STORED DATA
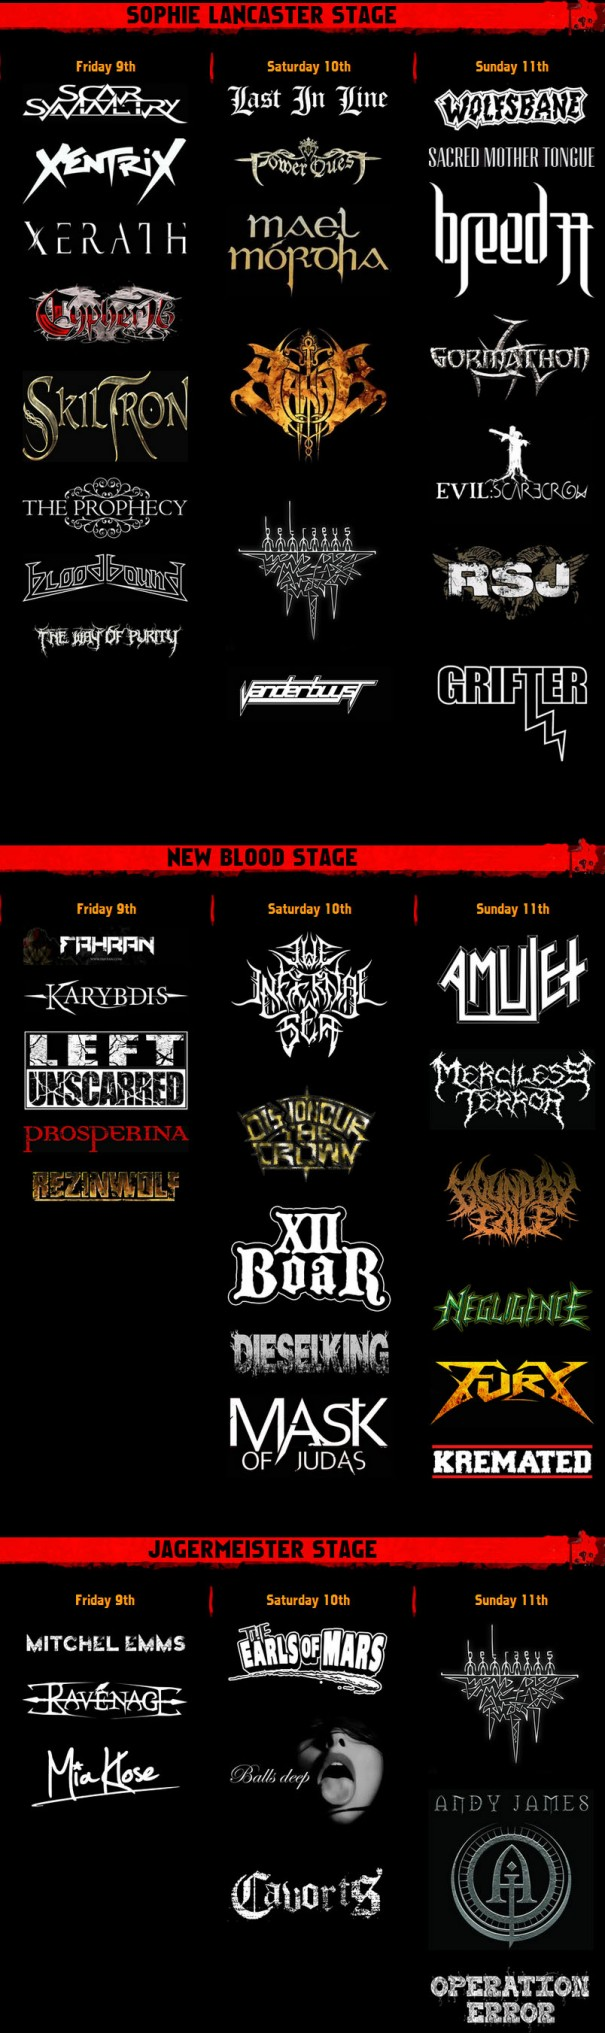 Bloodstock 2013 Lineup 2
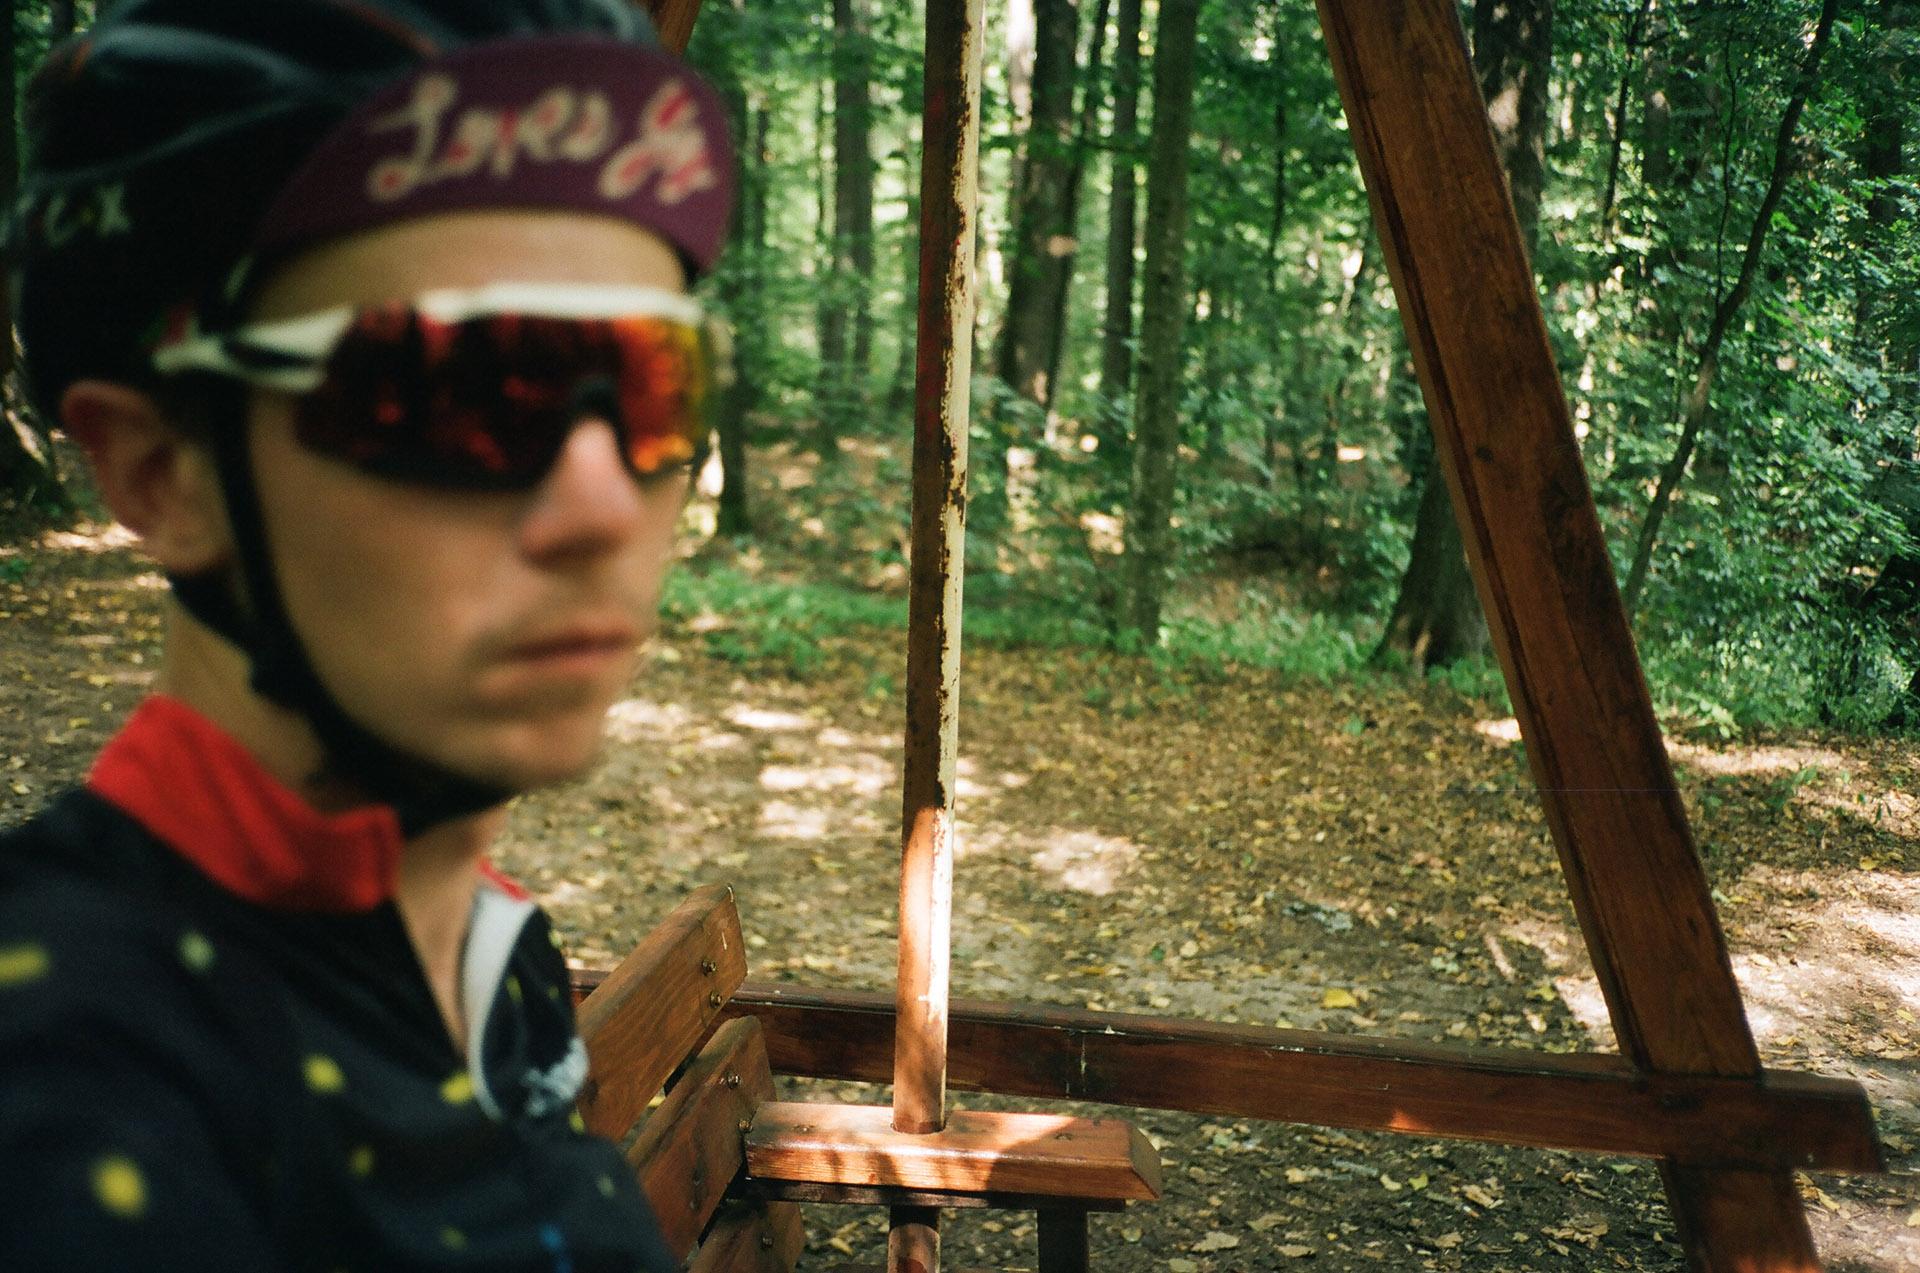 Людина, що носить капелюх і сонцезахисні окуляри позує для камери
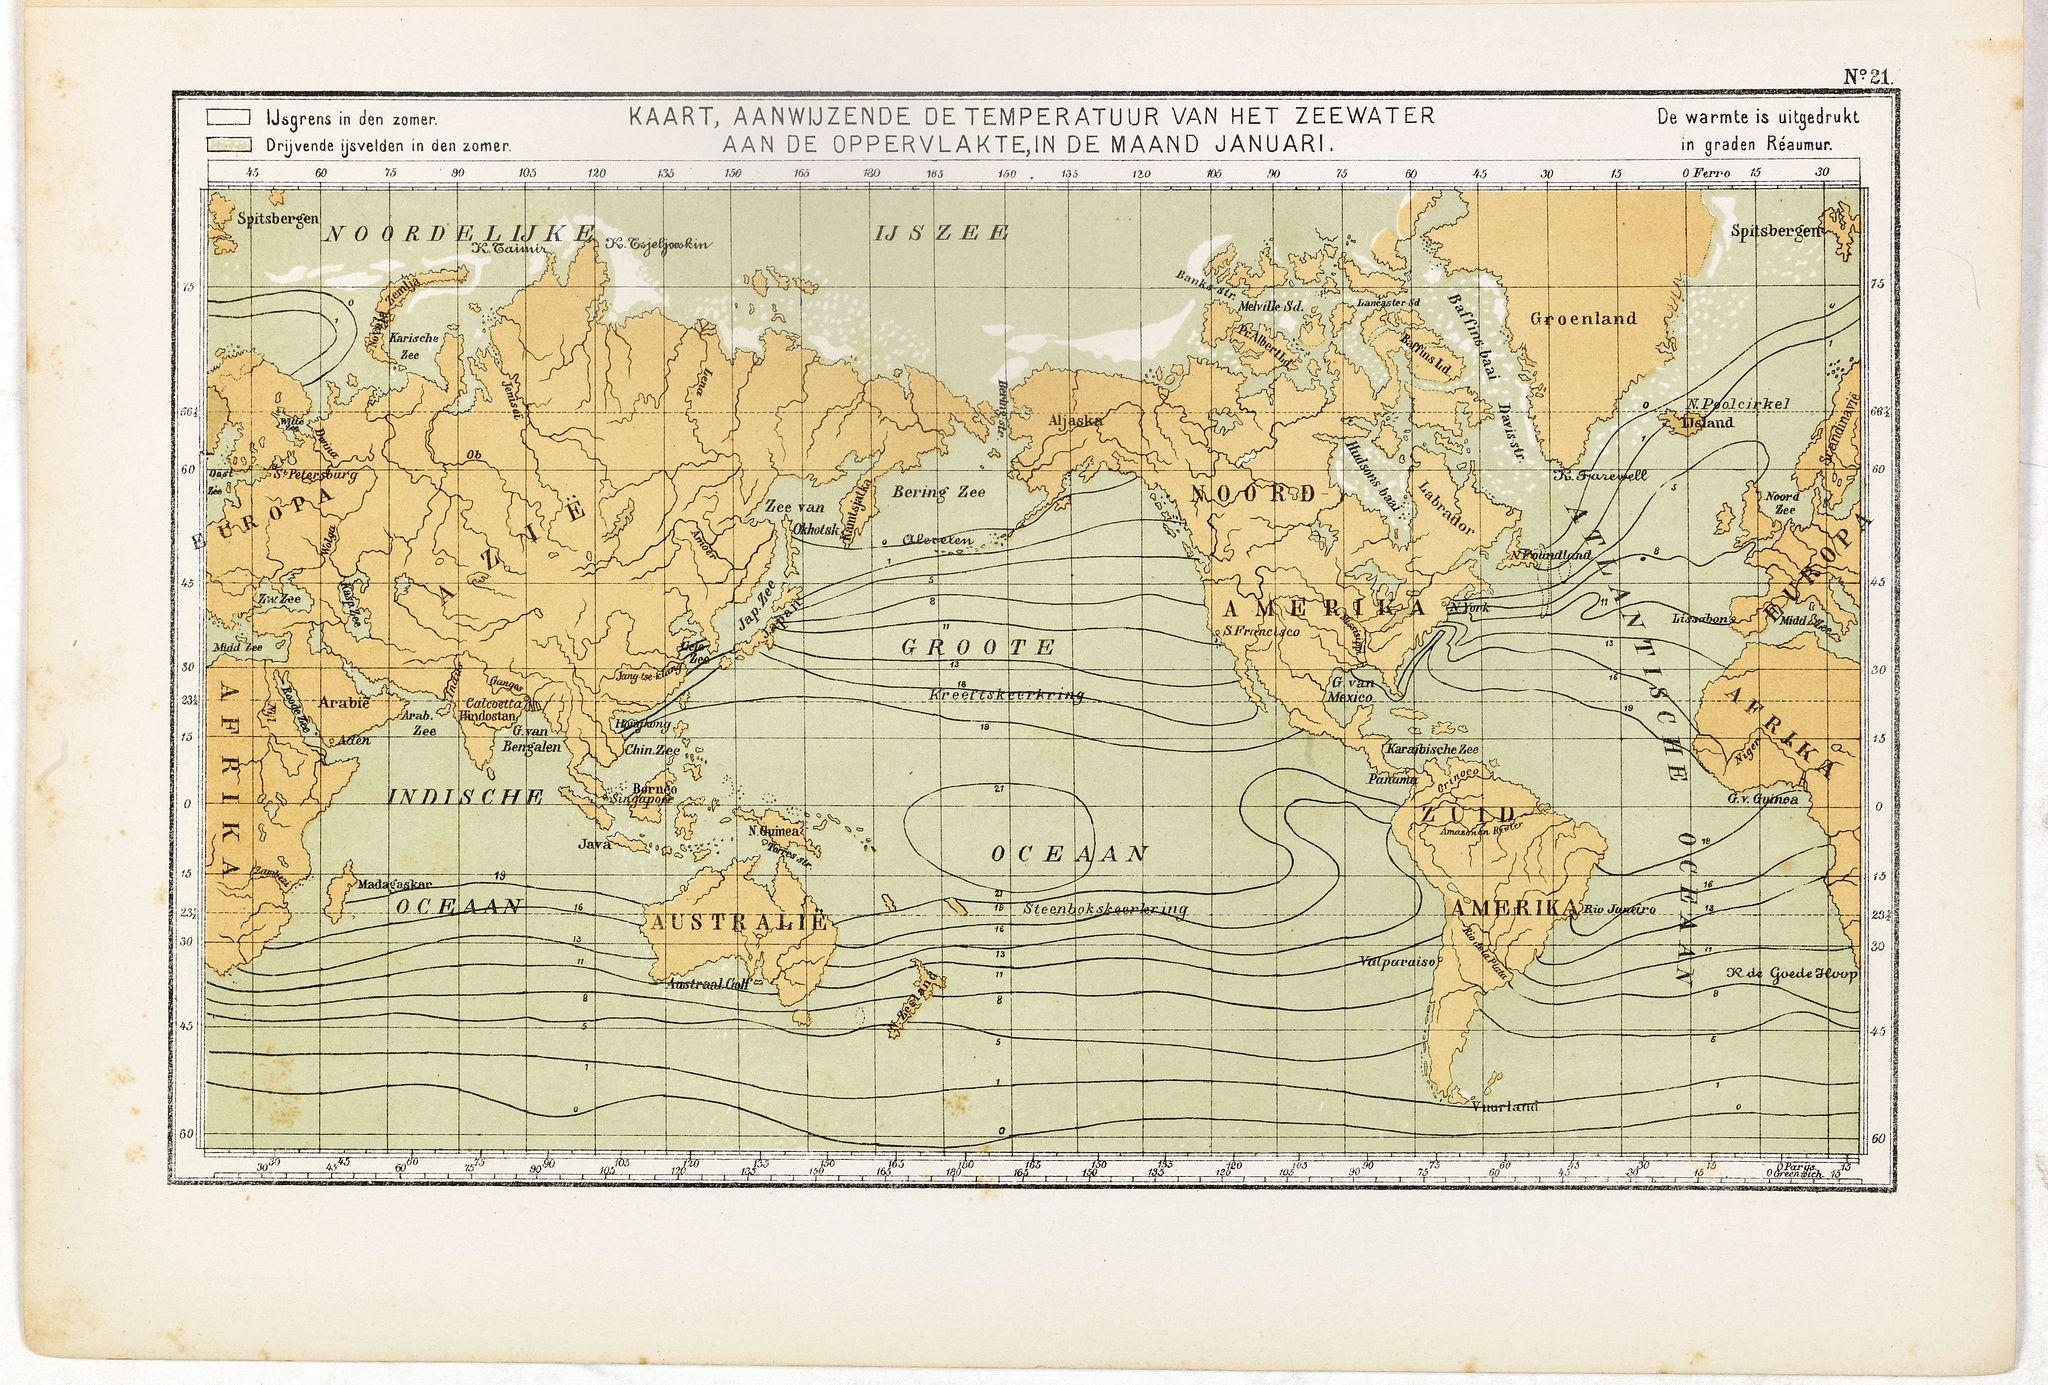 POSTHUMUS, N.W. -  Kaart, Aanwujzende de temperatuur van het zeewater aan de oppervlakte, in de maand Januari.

WHAT IS EXPECTED
Instruction for this listing: copy it exactly, but leave the images behind.

ANSWER SPACE
 Bloodstock 2013 Lineup 2
 Людина, що носить капелюх і сонцезахисні окуляри позує для камери
 POSTHUMUS, N.W. -  Kaart, Aanwujzende de temperatuur van het zeewater aan de oppervlakte, in de maand Januari.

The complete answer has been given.